Death To All wrote:Ok,
There is no memory with the dice. Your arguments are flawed. Why? Let me explain.
The theory that the list gets stale, that the probability changes when a large percentage of the list is used up, would be vailid if this was a deck of cards. If you have only 2 cards left in the deck and never saw the Ace of spades and two of hearts, you have a 50% probability of each.
The list CC uses is composted of numbers taken out of thin air (literally). Lets say 499,998 dice rolls have been used and only 2 are left. Lets say that you were witness to all previous 499,998 rolls and wrote them down. Can you predict the probablily of the next two rolls? will it be different than 1/6? No, It will not. Each roll is not dependant on the previous. The last 2 rolls will be just as random as the first 499,998.
In essance, there's no difference between getting a 'live' random number out of thin air, or taking it from a list of previously 'live' random numbers out of the air. They are just as random.

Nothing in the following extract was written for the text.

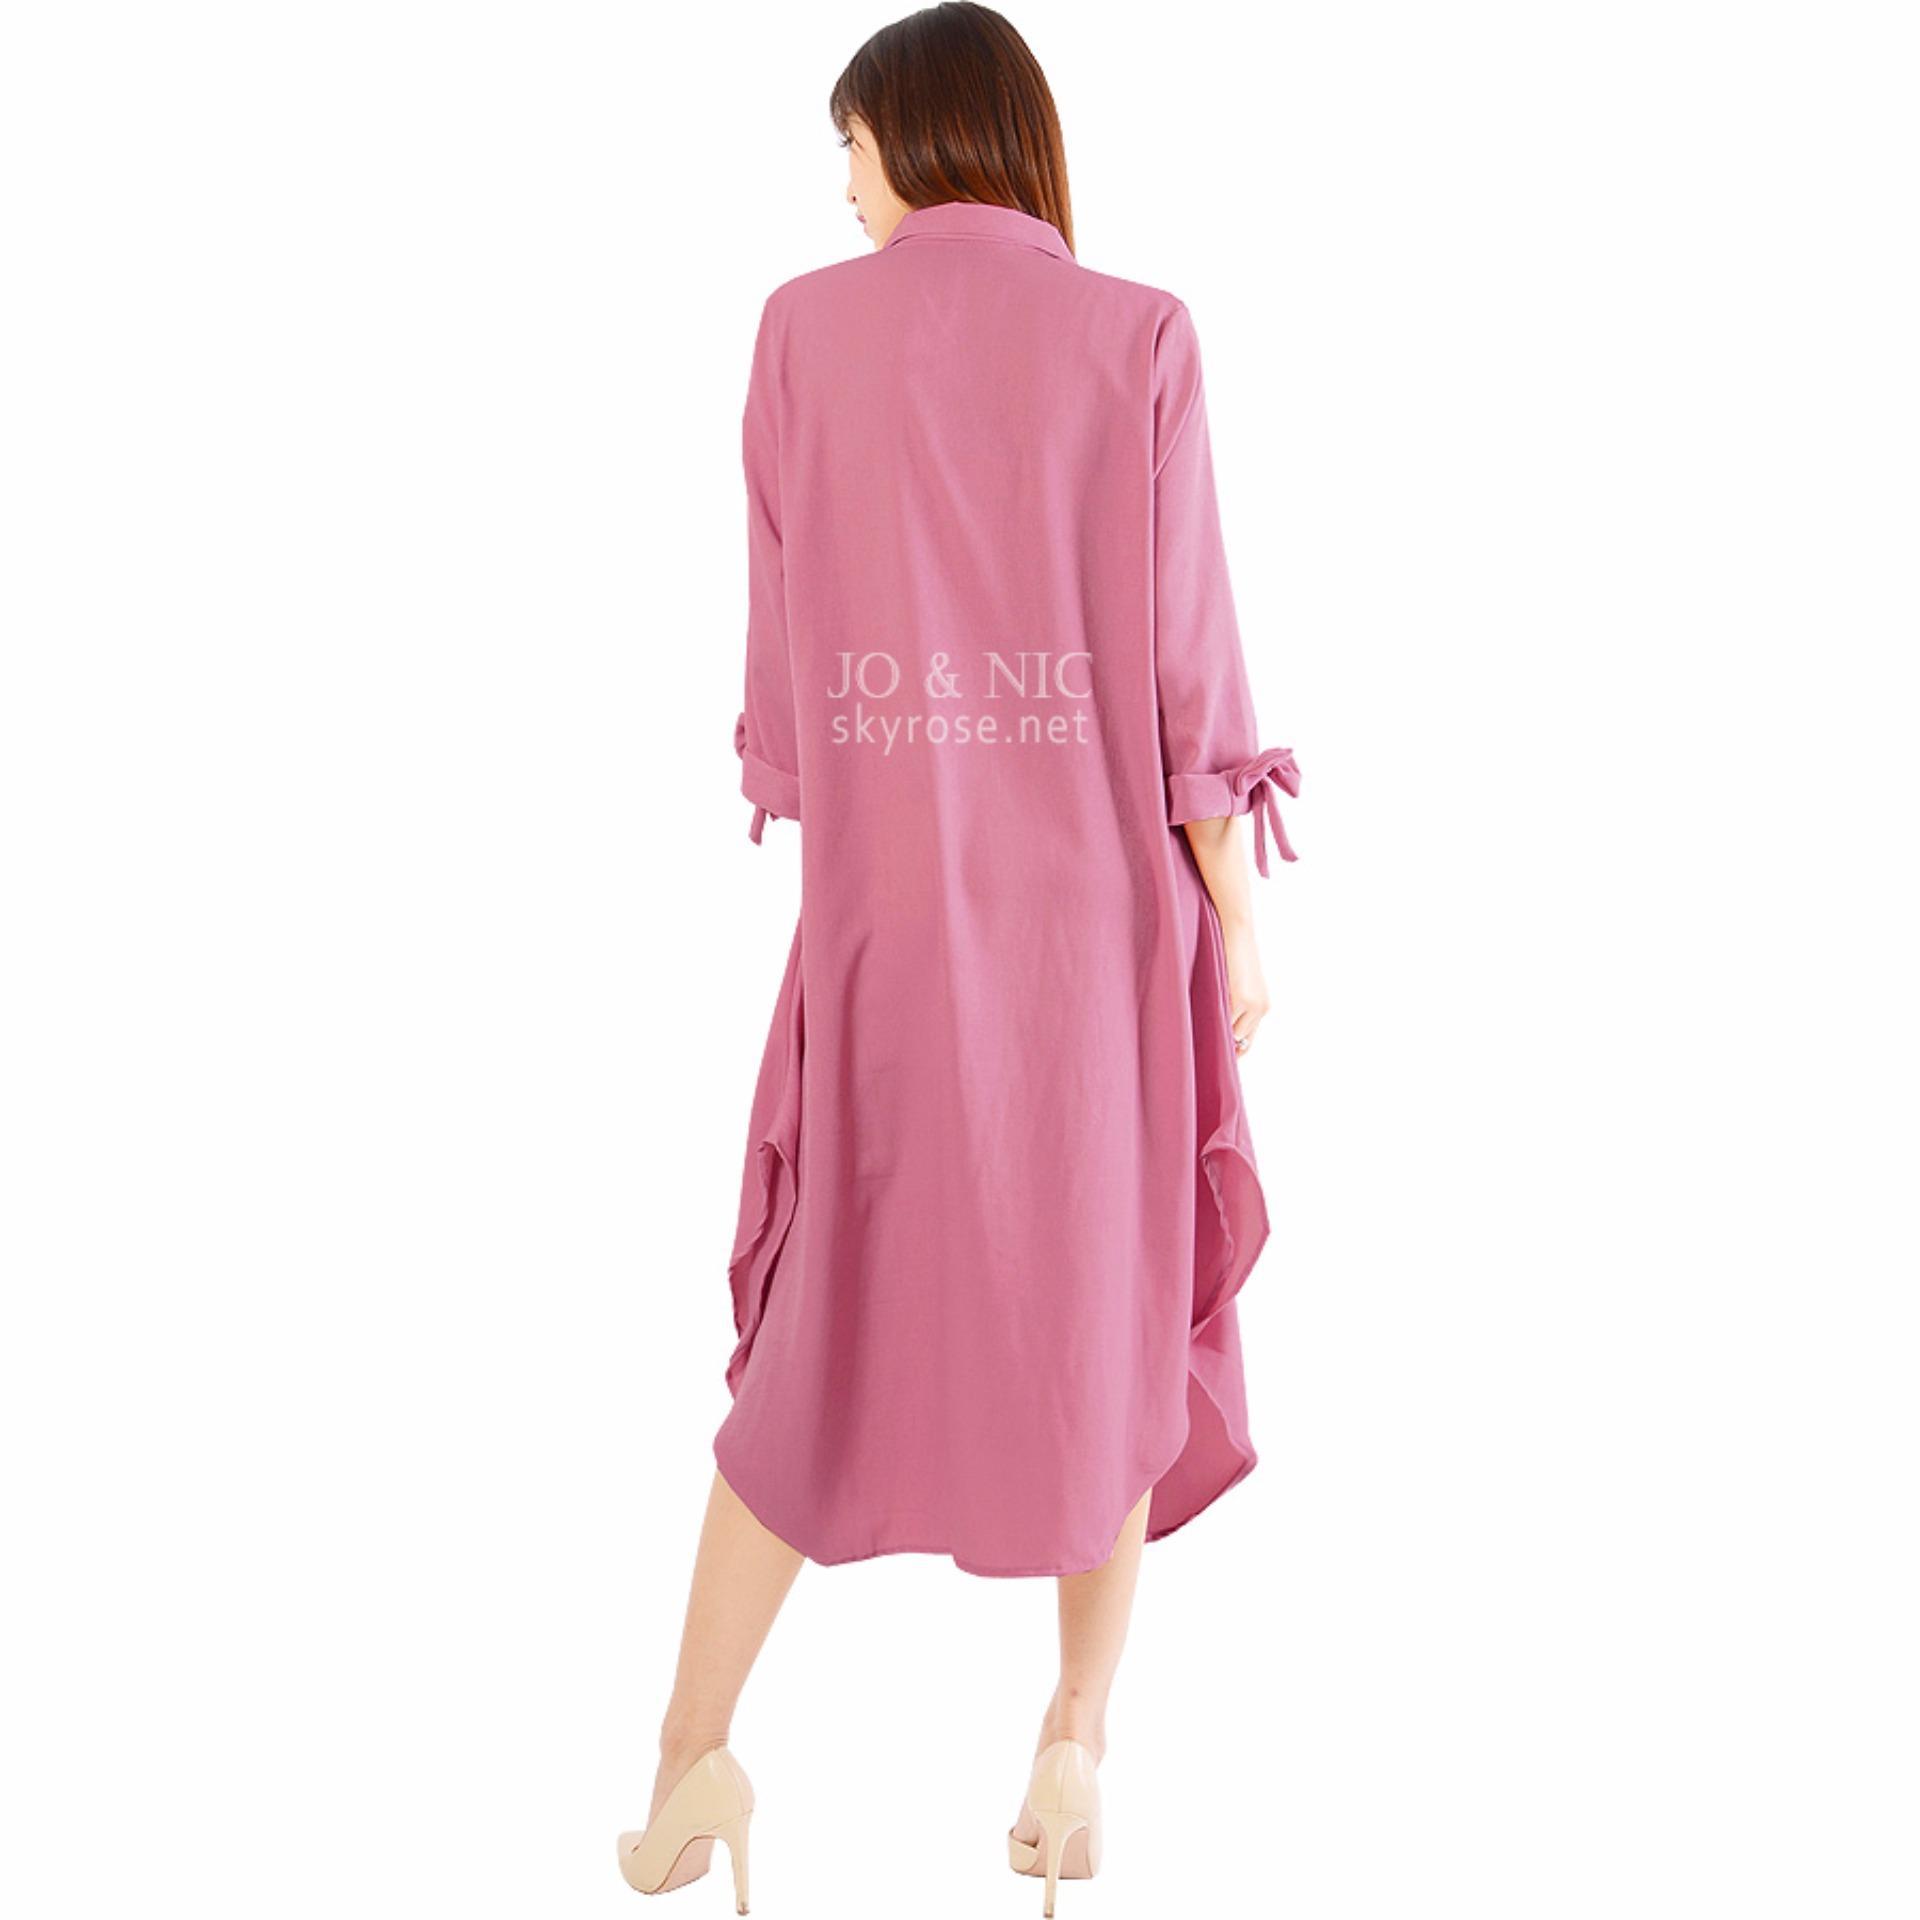 Jo Nic Ashley Dress Tunik Lengan Pita Beige Daftar Harga Bodytalk Panjang Black And Red 74019t6br Hitam M Hijab Wanita Allsize Pink

I will add the caveat that if the list of 500,000 numbers is skewed, so will the probability of drawing a 1/6 dice roll. I would be shocked if it were statistically significantly skewed though, as 500,000 is more than ample a sample size.
This actually isn't quite right, because of the re-use of the file. So the file in effect becomes like a deck of cards. Obviously, if the list were just used once, the 499,999th and 500,000th lines would be random.
There is also a different argument supporting your case, which goes like this: assume instead of 2,500,000 dice, we had 500,000 coin flips, and the coin file happens to have 250,000 heads and 250,000 tails. Reuse of the coin file means that there is a total number of possible sequences of the 500,000 coins equal to 500,000 C 250,000, which is much less than the random, 2^500,000. However, assuming their randomization is otherwise good, none of the 500,000 C 250,000 sequences is any more likely than any other. Even if on the last 2 coin tosses, all of the heads have been used up and the last 2 must be tails, that is still sort of random *considering the whole sequence* because the entire sequence of 500,000 flips was randomly generated. It can be shown that the chance of the last 2 being tails *considering the whole sequence* is actually not 1/4, but 499,999/1,999,998.
Bottom line, assuming mechanical perfection and no programming bugs:
1. From the second use of the dice file on, the dice do have memory
2. The rolls depart from randomness
3. The size of the file helps mitigate the departure from randomness.
4. Tentative hypothesis is that the rolls should be *less* streaky at a macro level (I know this is different from what I said before, but had a chance to work out some of the math yesterday).